First, I echo a lot with Steffen’s points on educating users on the usage of 
MXNet and DL, and my team at my day job takes it as its mission. Just to name a 
few related efforts: d2l.ai (a whole book on deep learning with mxnet), the 
numerous tutorials in GluonCV, GluonNLP, DGL toolkits, the public course on 
introduction to deep learning at UC Berkeley by Mu Li and Alex Smola.

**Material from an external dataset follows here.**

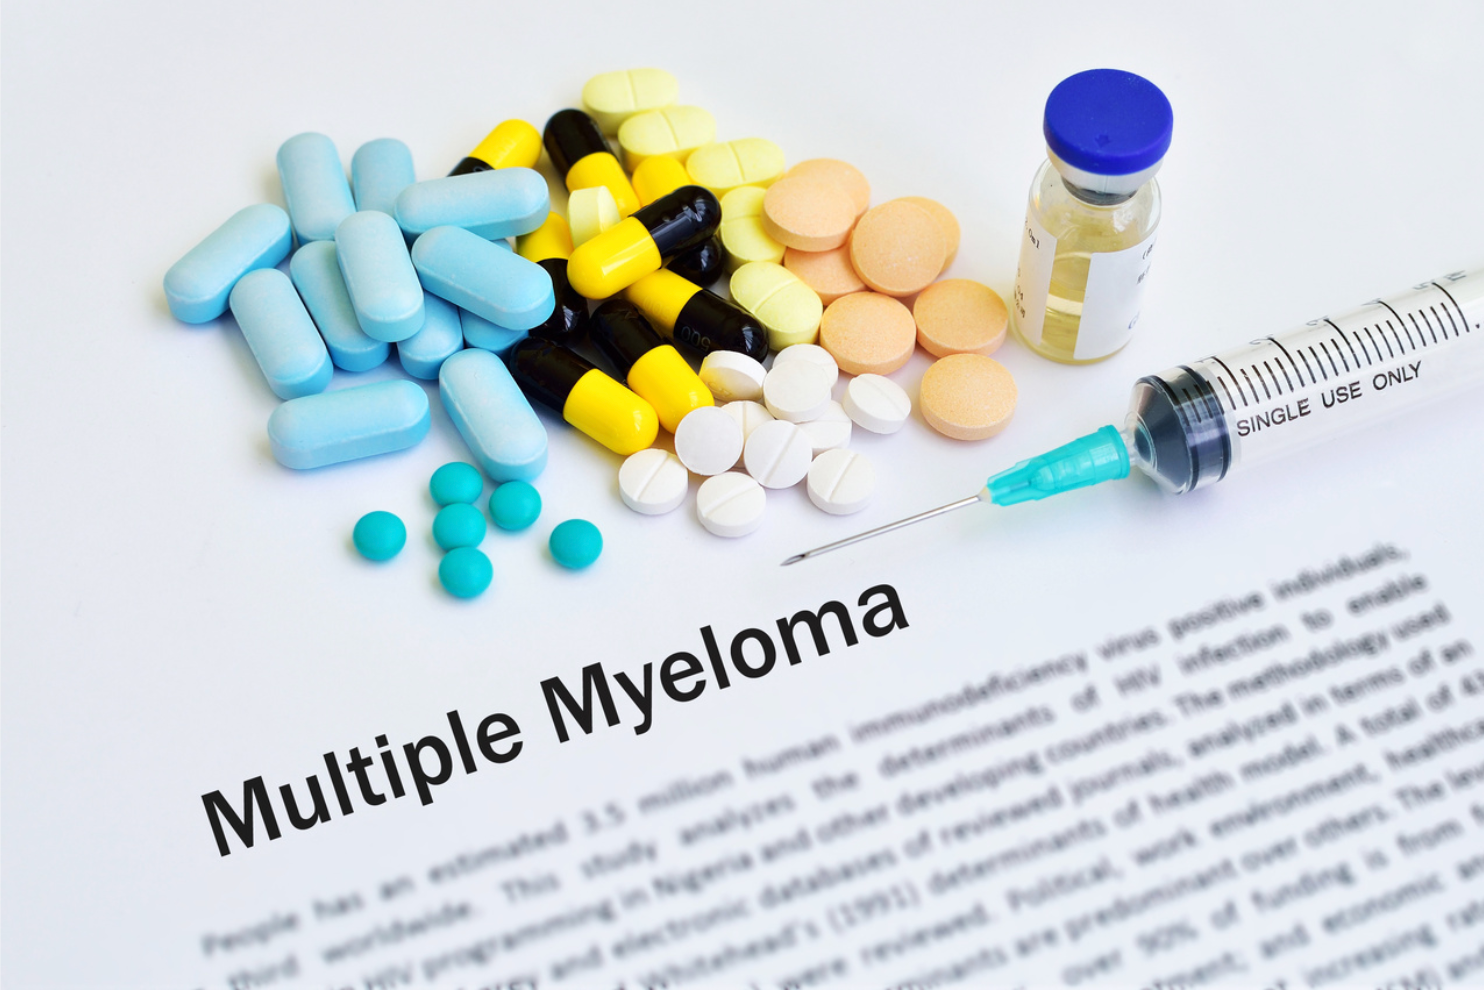 Research Continues Evaluating Belantamab Mafodotin in Relapsed/Refractory Multiple Myeloma

Recognizing non-code contribution has also been one of the recent focus of the 
PPMC. In fact, Aston Zhang, who made significant contribution to the community 
by looking after the user forum and writing the d2l book, has just joined us as 
a committer of our community. Kuo Ding, also known as chinakook, the maintainer 
of the Awesome-MXNet list and advocate of MXNet in various social media, has 
also just accepted our invite to become a committer. PPMC will definitely be on 
the watch for more.

In addition, as PPMC member, I’m also interested in other ways to help 
technical contributors to become familiar with the code base. I hope to grow 
the pool of competencies in the committer group in various areas, by helping 
interested community members. A larger pool of competencies makes better 
experience for all contributors in the form of meaningful technical feedbacks 
and code reviews. In my case, I spend half of my time on Github reviewing code, 
and also participating in a wide range of design reviews. I’ve been encouraging 
my committer peers to do the same. From the perspective of an experienced 
committer, I think growth in the pool of technical competencies is sorely 
needed, and I’m definitely interested in manageable ways to reach more people 
and help those with the drive to grow with the community.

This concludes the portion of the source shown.